Despite NATO Ultimatum, Serb Heavy Guns RemainBy Carol J. Williams
Los Angeles Times
Eighteen heavy artillery pieces scattered across a square mile of rugged, snowy ridgetop have been deemed by the U.N. Protection Force to be firmly under the control of 2nd Lt. Spike Martin and his British platoon.
Yet some of the mortars and howitzers on the steep flanks of this mountain village northwest of Sarajevo still have their barrels trained on the Bosnian capital. Not one has been inspected or dismantled by the U.N. forces assigned here. And all are clearly within easy reach of the gun-slinging Serb rebels, who outnumber Martin's 20-odd men at least 3-1.
Although all heavy guns within a U.N.-designated exclusion zone around the Bosnian capital were supposed to have been withdrawn or surrendered to U.N. forces by 1 a.m.
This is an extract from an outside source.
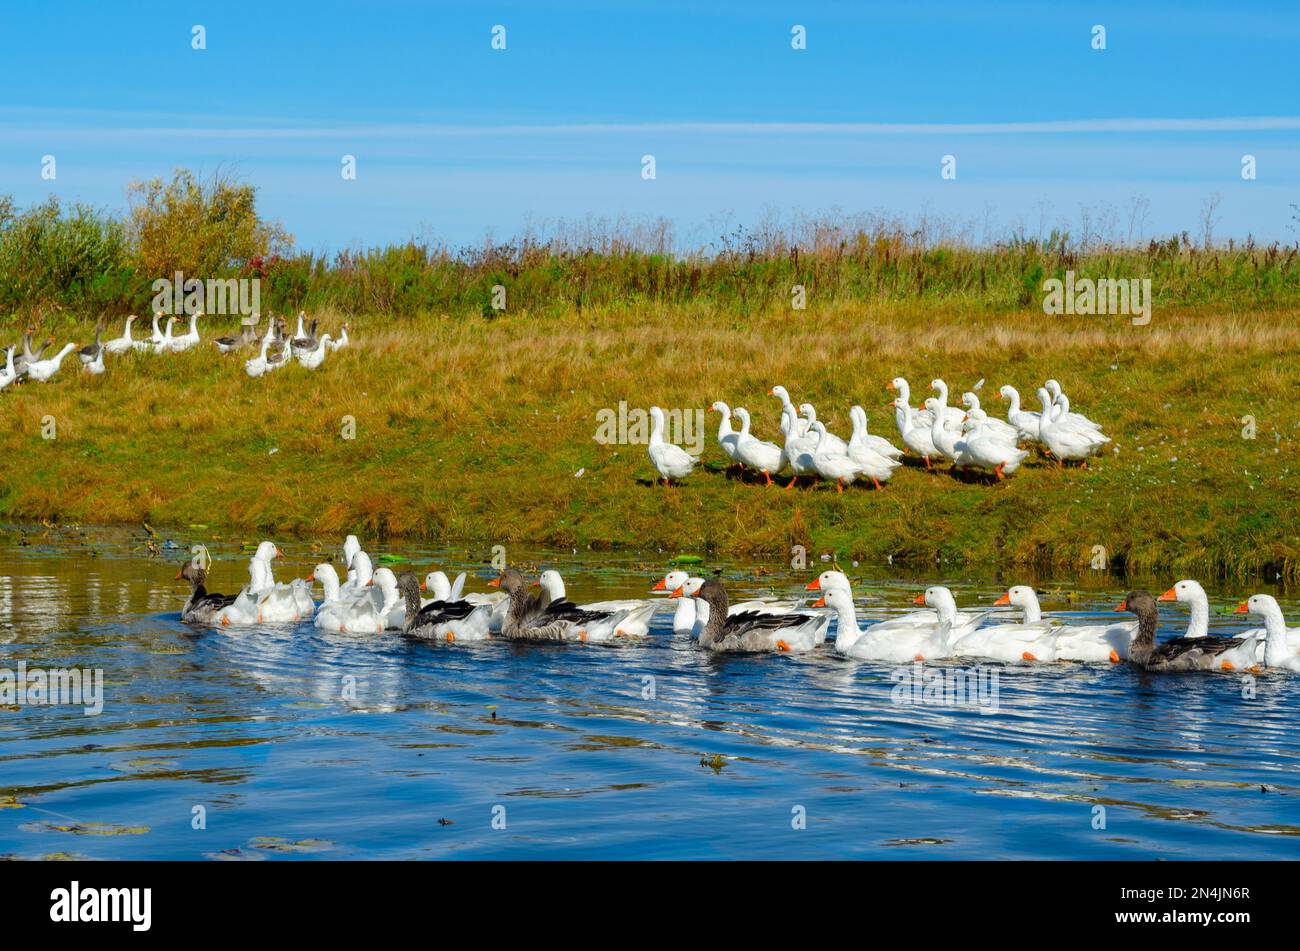 Un gregge di oche galleggianti sull'acqua del fiume sullo sfondo di altri uccelli che camminano rapidamente sulla riva verde con erba ai cespugli. Foto Stock

Monday local time, only one of the 18 said to be monitored at this official U.N. "collection center" is even within the British troops' sight.
The sole 105mm howitzer actually pulled out of its sandbagged battery has been hitched to a Bosnian Serb army truck and parked about 100 yards downhill from the Britons' roadside encampment.
As conditions at Osjek and at least 31 other weapons depots make clear, U.N. officials have papered over Serbian defiance of a NATO ultimatum for demilitarizing the hills ringing Sarajevo by declaring the status quo to be close enough to conformance.
The vast and rugged Osjek slope is one of eight places within the 12-mile exclusion zone officially designated by U.N. officers as weapons containment sites. Eighteen other Serb-held areas around Sarajevo are known to still host heavy weapons covered by the NATO ultimatum but described by Rose as under U.N. control. At least six others were brought to U.N. attention Monday after NATO aerial reconnaissance flights over the exclusion zone, bringing to 32 the total of known Serb gun emplacements with U.N. supervision that is equal or less than that at Osjek.
French public-affairs officers who arranged a brief and heavily Serb-controlled visit to the Osjek gun emplacements Monday appeared chagrined at the sight of the hillside batteries that are virtually unchanged despite the North Atlantic Treaty Organization's much-heralded ultimatum.
The local Serb commander, Col. Vladimir Radojic, held up the U.N.-arranged press visit until nightfall, then forbade journalists to photograph the weaponry, limiting the 10-minute tour to talks with the newly arrived deployment of Martin's platoon of the 2nd Company of Britain's Coldstream Guards.
"The weapons are under our protection and containment over about a square kilometer," Martin replied when asked if his men had unequivocal control over the guns. The actual area placed under Martin's control Saturday was larger than the square kilometer he estimated: Just those Serb gun emplacements visible from the roadside extended more than a mile.
The British troops had not been asked to inspect, relocate or render inoperable any of the weapons on their assigned terrain, said Martin, who could not say how many of the guns were still ready for firing because Radojic had yet to tell him.
Asked if he could guarantee that the weapons could never be retaken by the Serb rebels whose homes and front-line positions surround the new U.N. encampment, Martin replied, "I don't think that would happen at the moment, because our relations with them are good. They want peace as much as anyone else wants peace."
The U.N. commander for Bosnian-based forces, British Lt. Gen. Michael Rose, has boasted that his formula for defining compliance with the ultimatum has brought about peace, as what was once a daily ration of hundreds of artillery shells blasted at Sarajevo has recently ceased.
But the 380,000 people still trapped in the Bosnian capital fear the end of bombardment may have come at the price of an indefinite armed standoff and long-term hindrances to their free movement, as they remain surrounded by armed Serbian forces.
Many also fear that the U.N. mission will tire of the costly, labor-intensive weapons-monitoring operation that seems largely to be a charade and will eventually abandon the so-called collection sites like Osjek and allow rebel forces to resume their siege.
Western leaders had called for punitive air strikes in the event that any heavy weaponry remained within a 12-mile radius of Sarajevo as of 1 a.m. Monday. But the appeals for forceful intervention have dissipated amid U.N. claims that the ultimatum has qualitatively eased the risks confronting Sarajevo.